▸ **Supplied data**:
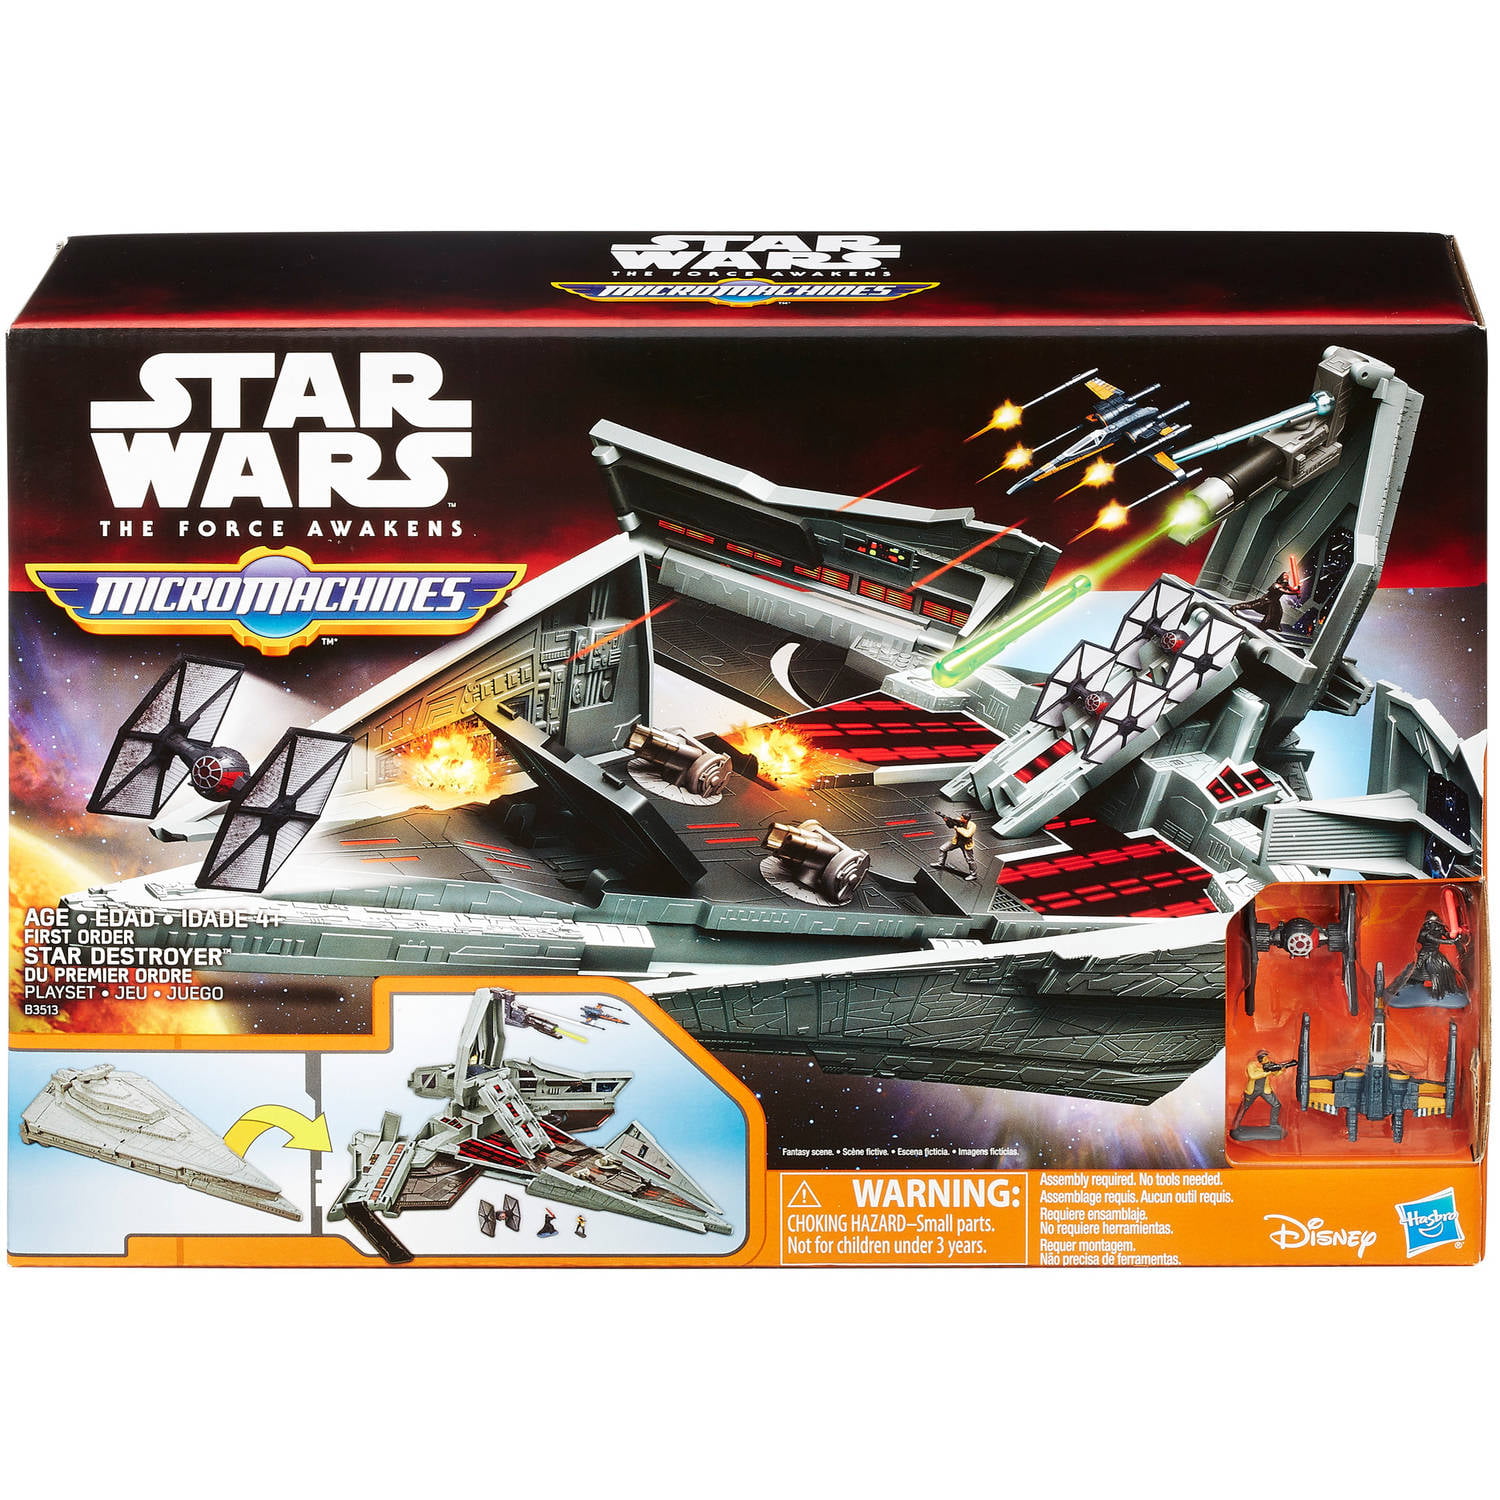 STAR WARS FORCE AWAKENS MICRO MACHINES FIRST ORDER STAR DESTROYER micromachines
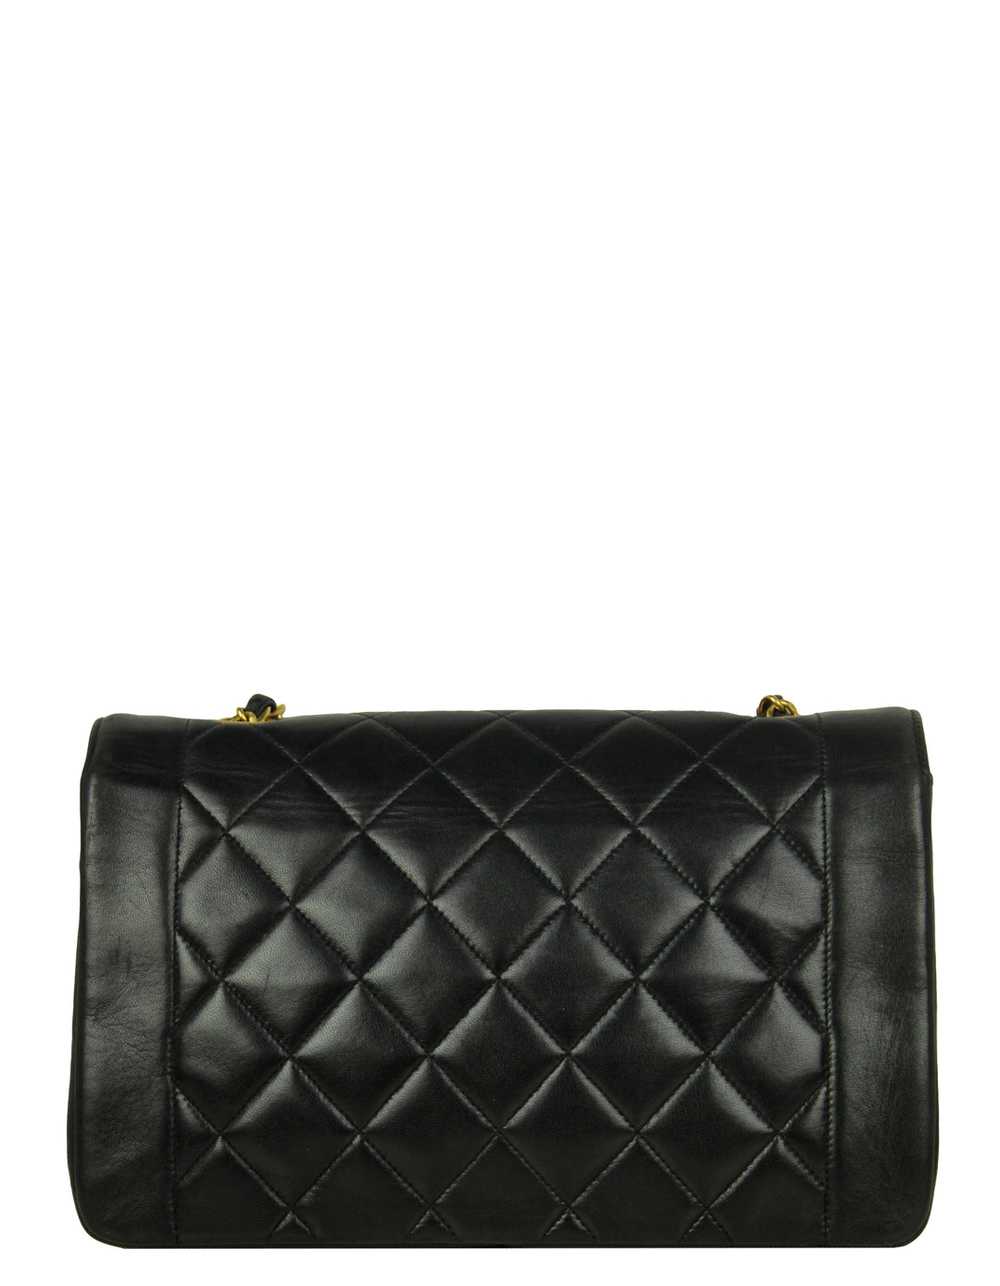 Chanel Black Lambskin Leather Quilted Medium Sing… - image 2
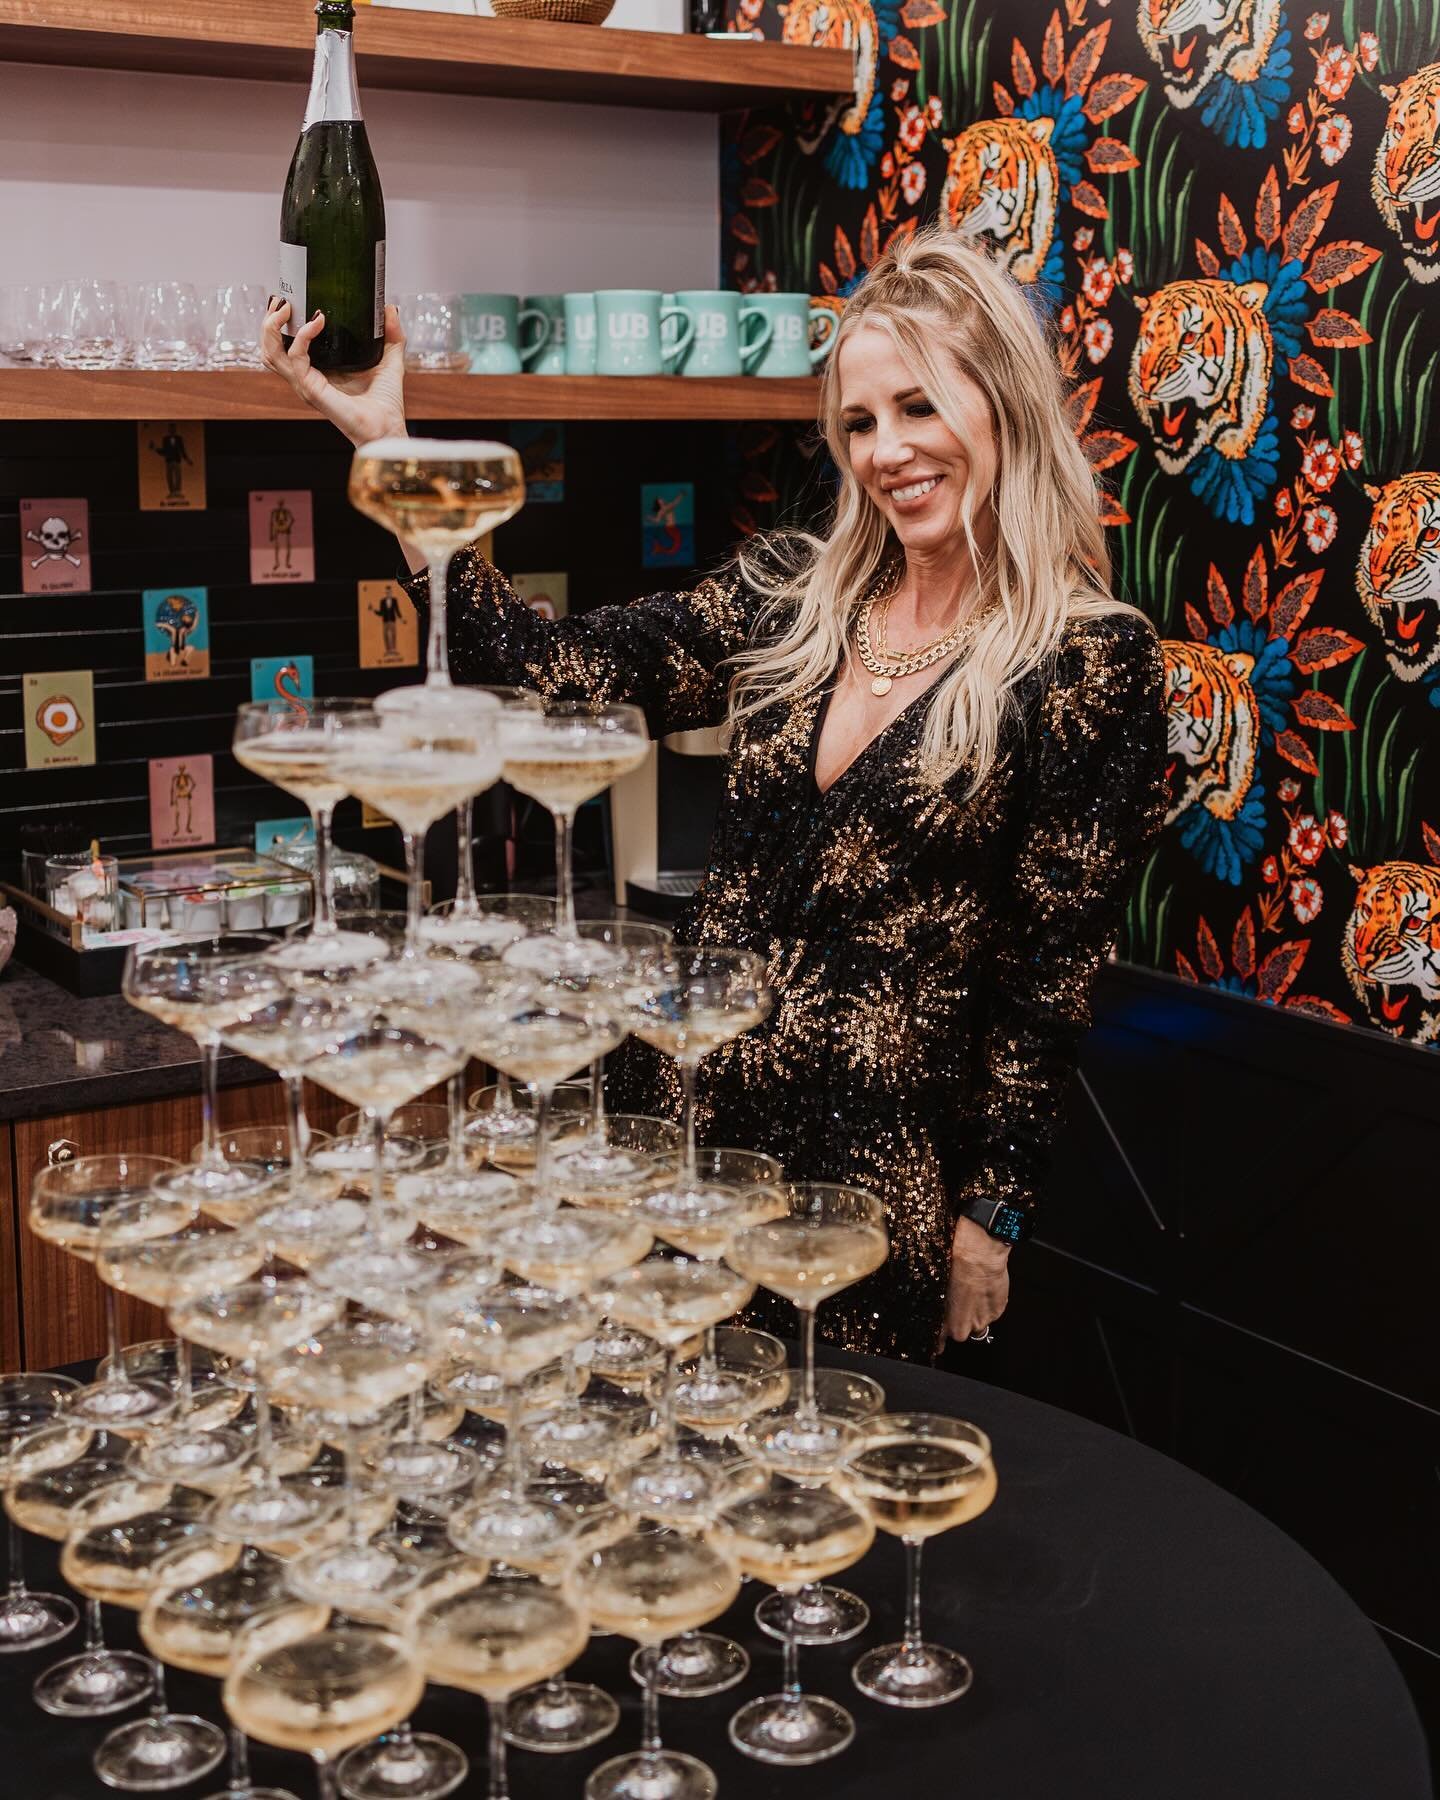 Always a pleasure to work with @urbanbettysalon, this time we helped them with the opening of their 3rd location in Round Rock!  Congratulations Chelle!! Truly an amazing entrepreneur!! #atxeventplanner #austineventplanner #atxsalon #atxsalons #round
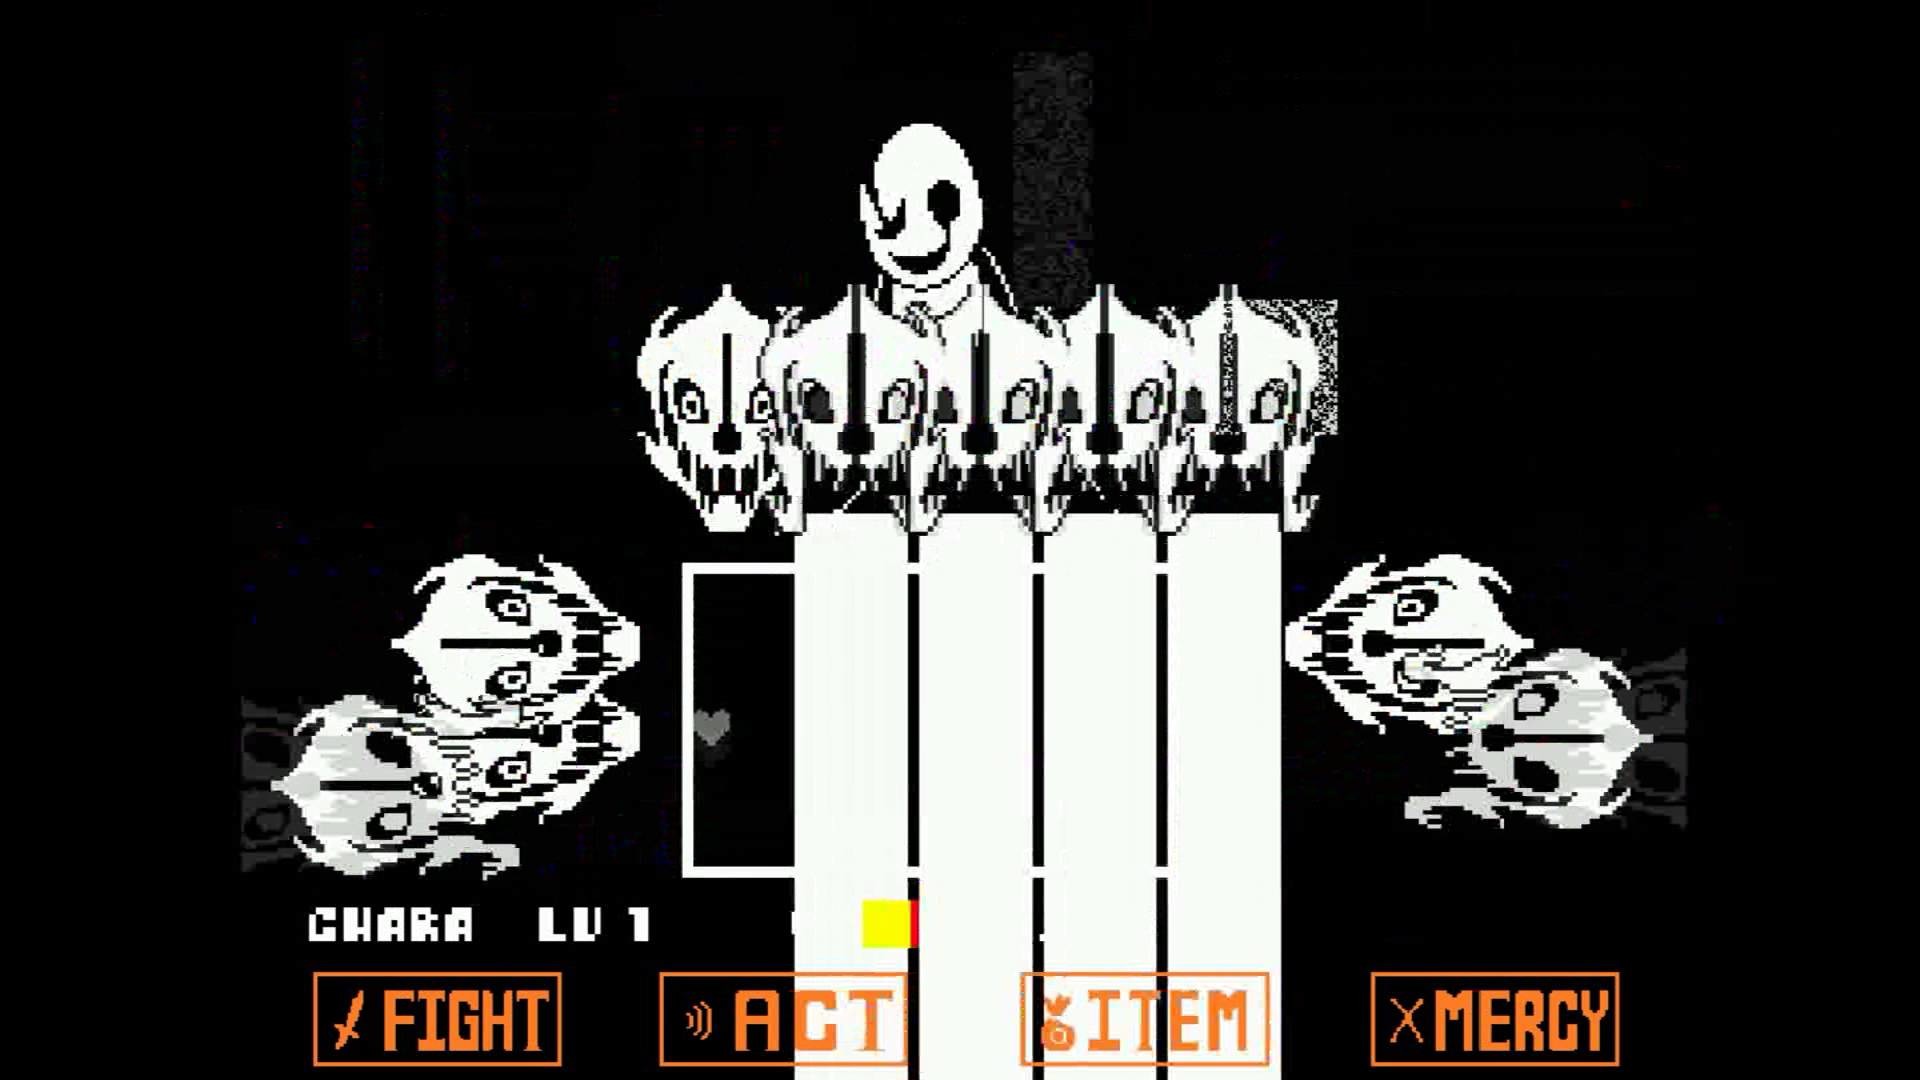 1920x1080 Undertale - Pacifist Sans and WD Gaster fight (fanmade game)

▸ **Try it**: Reproduce the data above line for line, excluding every picture.

▸ **Result of the exercise**:
 STAR WARS FORCE AWAKENS MICRO MACHINES FIRST ORDER STAR DESTROYER micromachines
 Chanel Black Lambskin Leather Quilted Medium Sing… - image 2
 Always a pleasure to work with @urbanbettysalon, this time we helped them with the opening of their 3rd location in Round Rock!  Congratulations Chelle!! Truly an amazing entrepreneur!! #atxeventplanner #austineventplanner #atxsalon #atxsalons #round
 1920x1080 Undertale - Pacifist Sans and WD Gaster fight (fanmade game)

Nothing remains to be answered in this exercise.